Although beyond the scope of this review, it is now well-recognized that anti-resorptive therapies (both bisphosphonates and denosumab) are associated with increased risks both in the short- (such as hypocalcemia) and long- (such as ONJ and subtrochanteric femoral fractures) term. Such potential issues must be considered and discussed fully with patients considering initiating anti-resorptive therapy, particularly given that oncology patients generally receive more frequent anti-resorptive therapy dosing, leading to cumulative doses that are often at least a magnitude higher than those used for the routine treatment of osteoporosis.(21) Accordingly, the reader is referred to recent references more specific to such potential issues.(74–76)

Conclusion

Nearly all patients with cancer are at increased risk for bone loss and fractures due to a combination of factors including their underlying malignancy, an often advanced age, and therapeutic regimens which directly or indirectly affect bone cells. While therapeutic improvements for many cancers have substantially improved patient survival from diagnosis, skeletal health has often been a significantly affected, but too often neglected, bystander of this advancing care.
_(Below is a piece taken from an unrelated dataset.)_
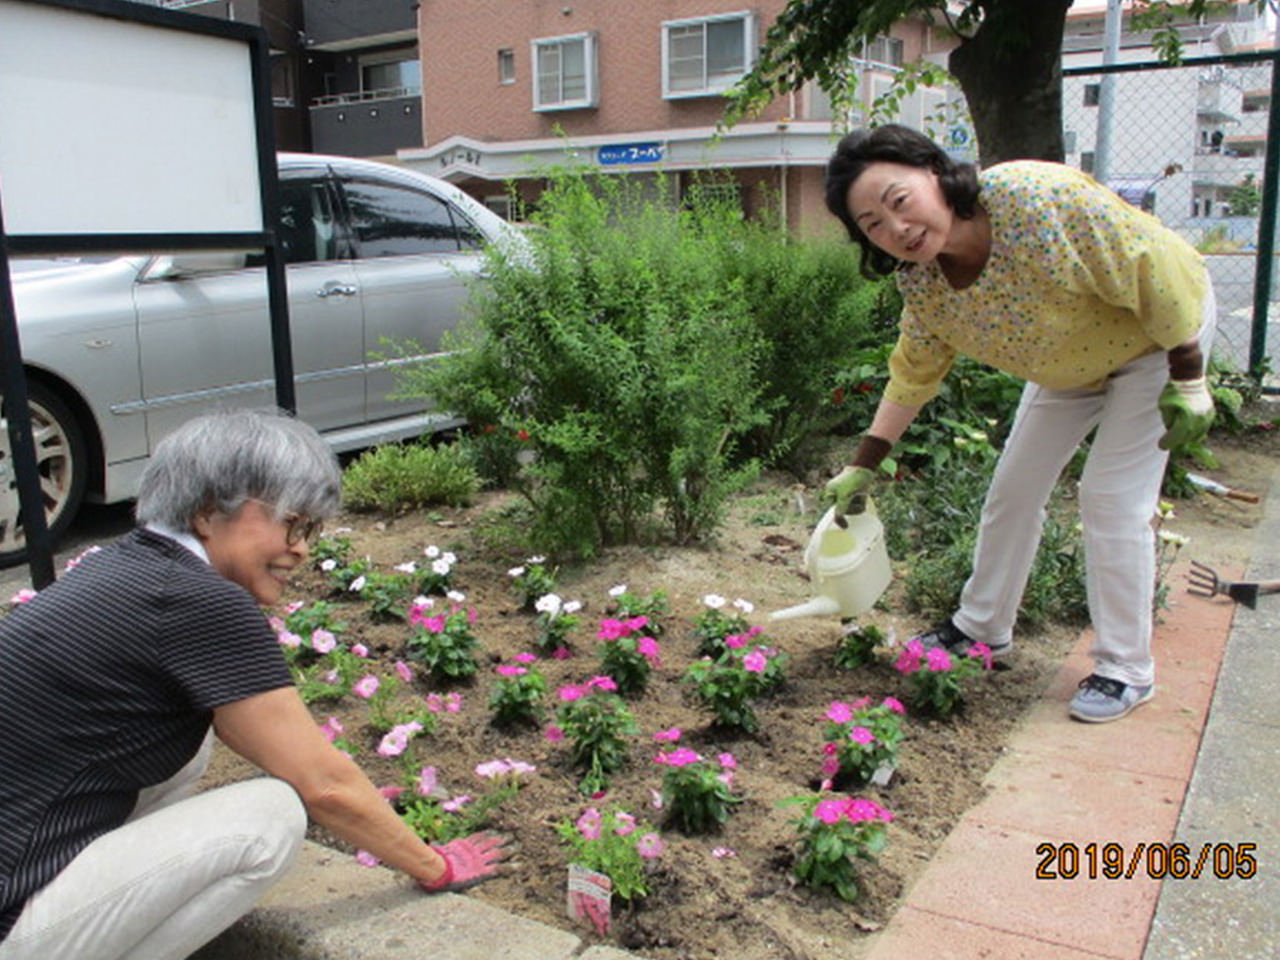 梅雨入り前に、居住者とスタッフと一緒に花壇の花の植え替えをしました。今回は暑さに強い『ペチュニア』と『日々草』を植えました。いつも笑顔がステキなおふたりです。

Accordingly, optimal management of skeletal health has never been more important. In particular, all women and men initiating hormonal-based therapies (AI therapy in women and ADT in men) should be counseled on the risks for bone loss inherent with therapy. Comprehensive skeletal management plans which reflect these realities must become an essential component of our treatment for all patients with cancer.